# AVAILABLE DATA:
______________________________

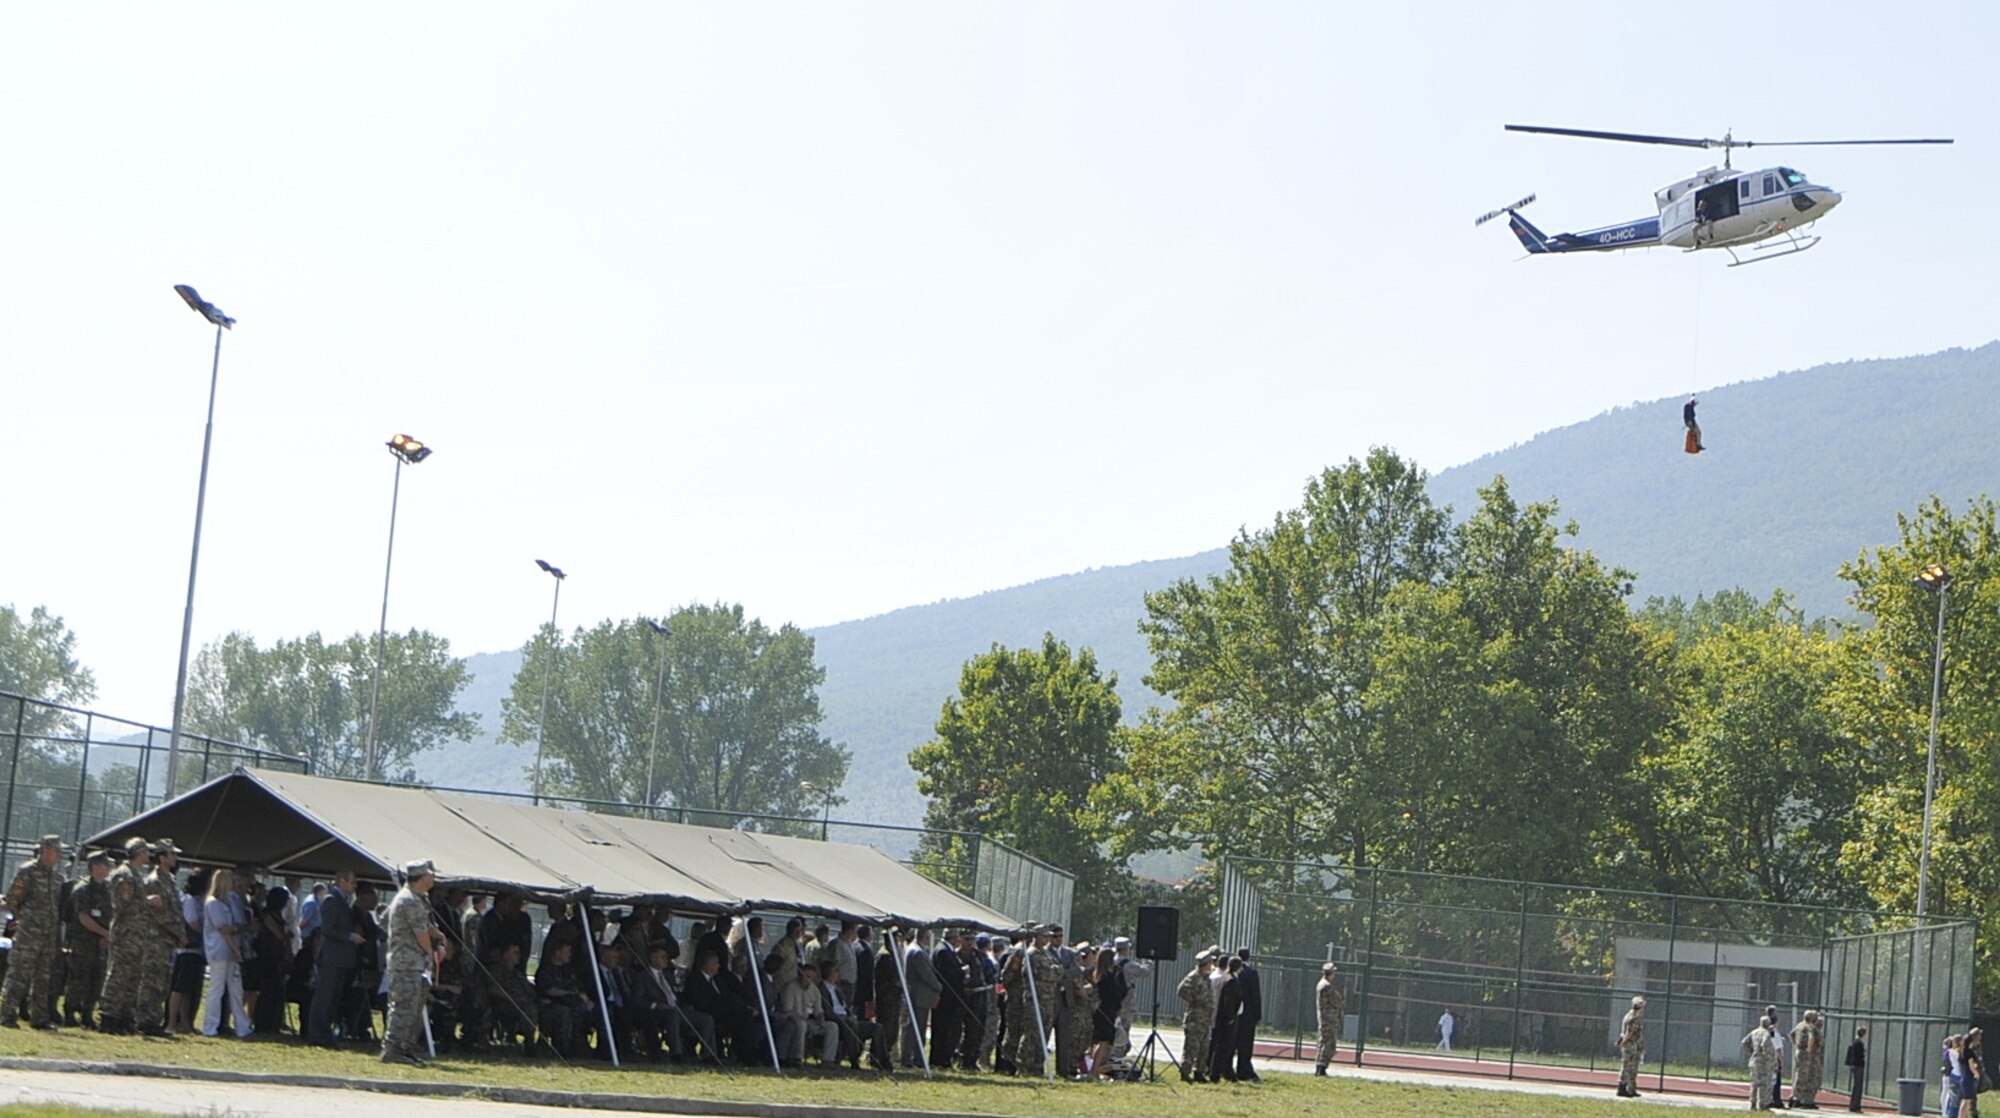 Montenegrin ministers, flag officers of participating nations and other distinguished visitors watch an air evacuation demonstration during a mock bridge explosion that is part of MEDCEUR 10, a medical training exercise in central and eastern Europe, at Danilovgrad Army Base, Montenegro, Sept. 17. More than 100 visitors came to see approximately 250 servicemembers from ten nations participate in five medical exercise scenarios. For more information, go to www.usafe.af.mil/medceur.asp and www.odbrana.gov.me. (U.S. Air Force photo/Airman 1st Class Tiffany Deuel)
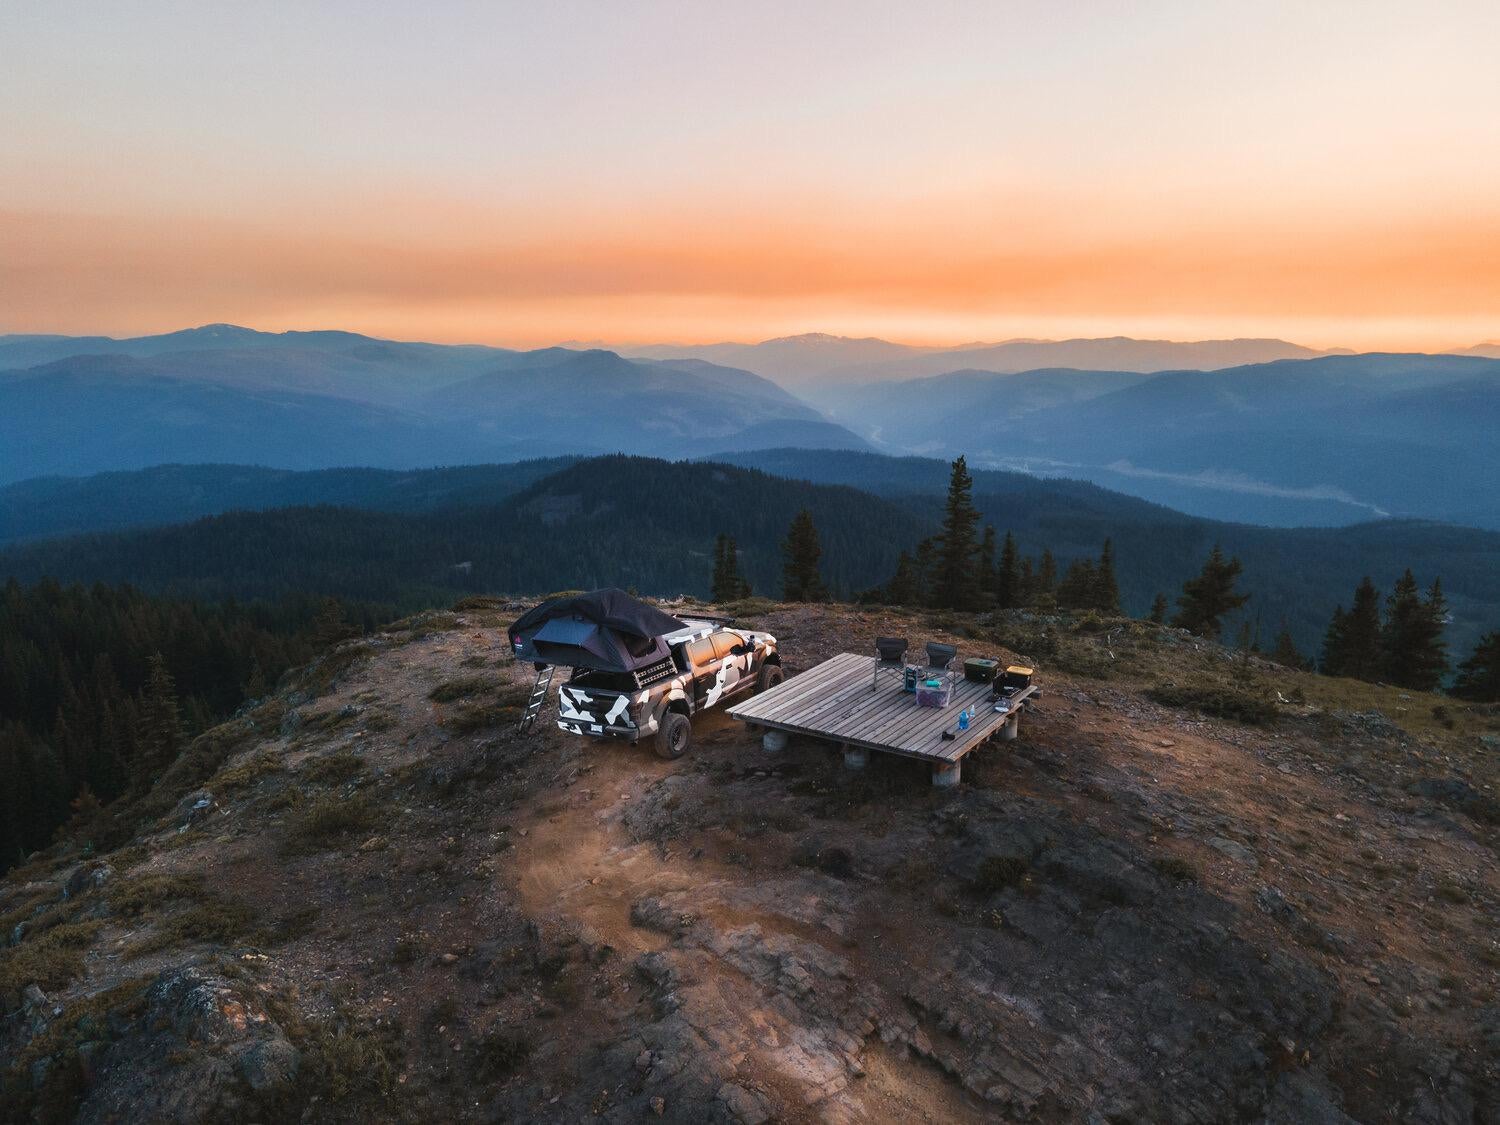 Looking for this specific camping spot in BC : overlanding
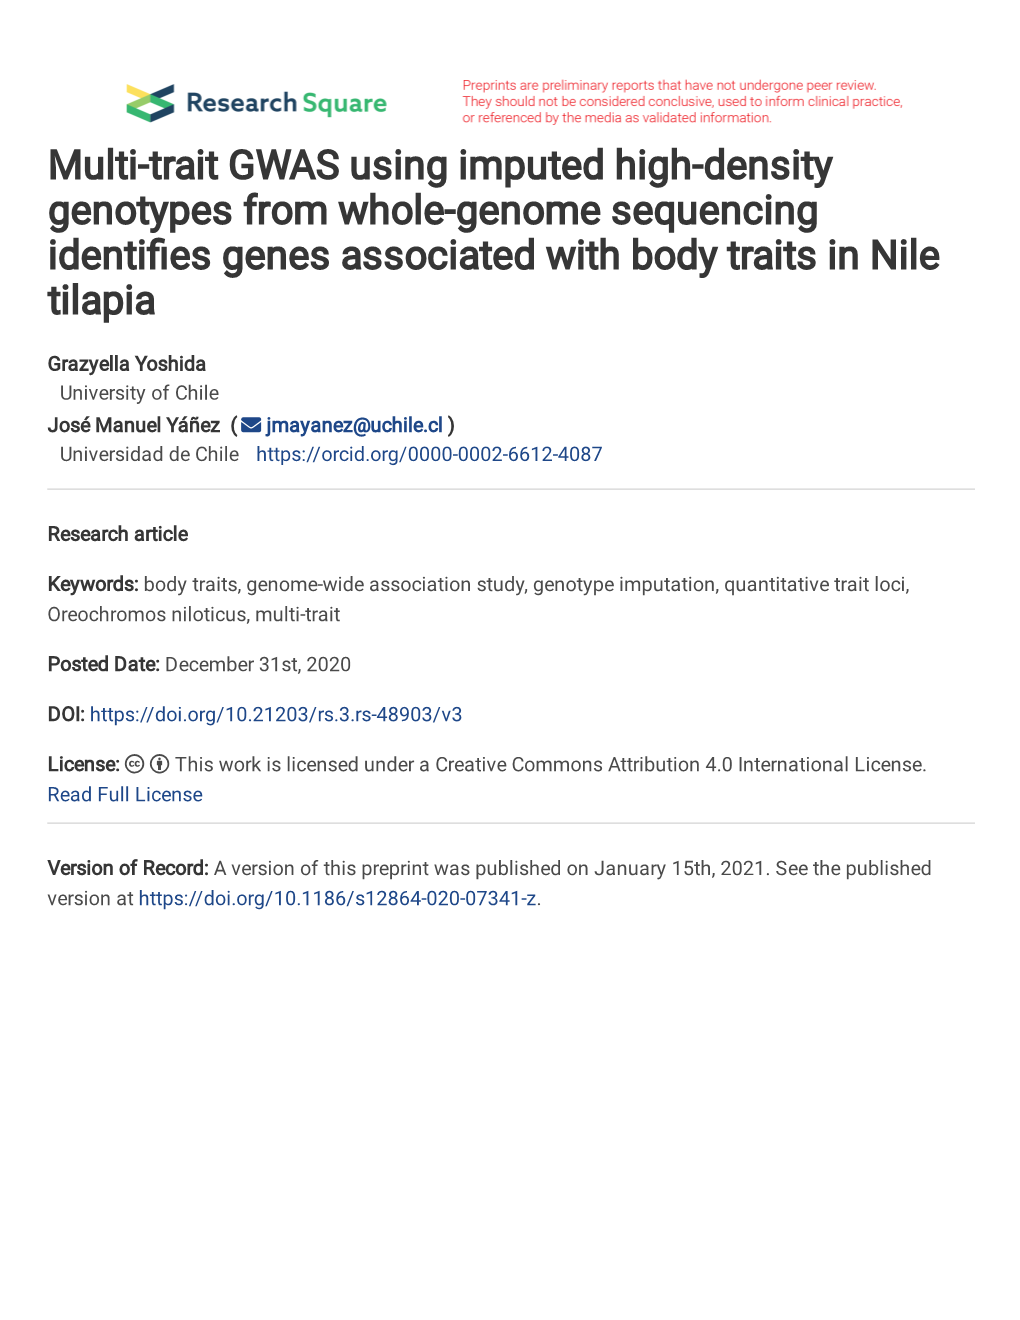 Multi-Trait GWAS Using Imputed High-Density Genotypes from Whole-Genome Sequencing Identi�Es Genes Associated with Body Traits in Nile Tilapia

______________________________

What is needed is an exact copy of the data, with the pictures removed.

 Montenegrin ministers, flag officers of participating nations and other distinguished visitors watch an air evacuation demonstration during a mock bridge explosion that is part of MEDCEUR 10, a medical training exercise in central and eastern Europe, at Danilovgrad Army Base, Montenegro, Sept. 17. More than 100 visitors came to see approximately 250 servicemembers from ten nations participate in five medical exercise scenarios. For more information, go to www.usafe.af.mil/medceur.asp and www.odbrana.gov.me. (U.S. Air Force photo/Airman 1st Class Tiffany Deuel)
 Looking for this specific camping spot in BC : overlanding
 Multi-Trait GWAS Using Imputed High-Density Genotypes from Whole-Genome Sequencing Identi�Es Genes Associated with Body Traits in Nile Tilapia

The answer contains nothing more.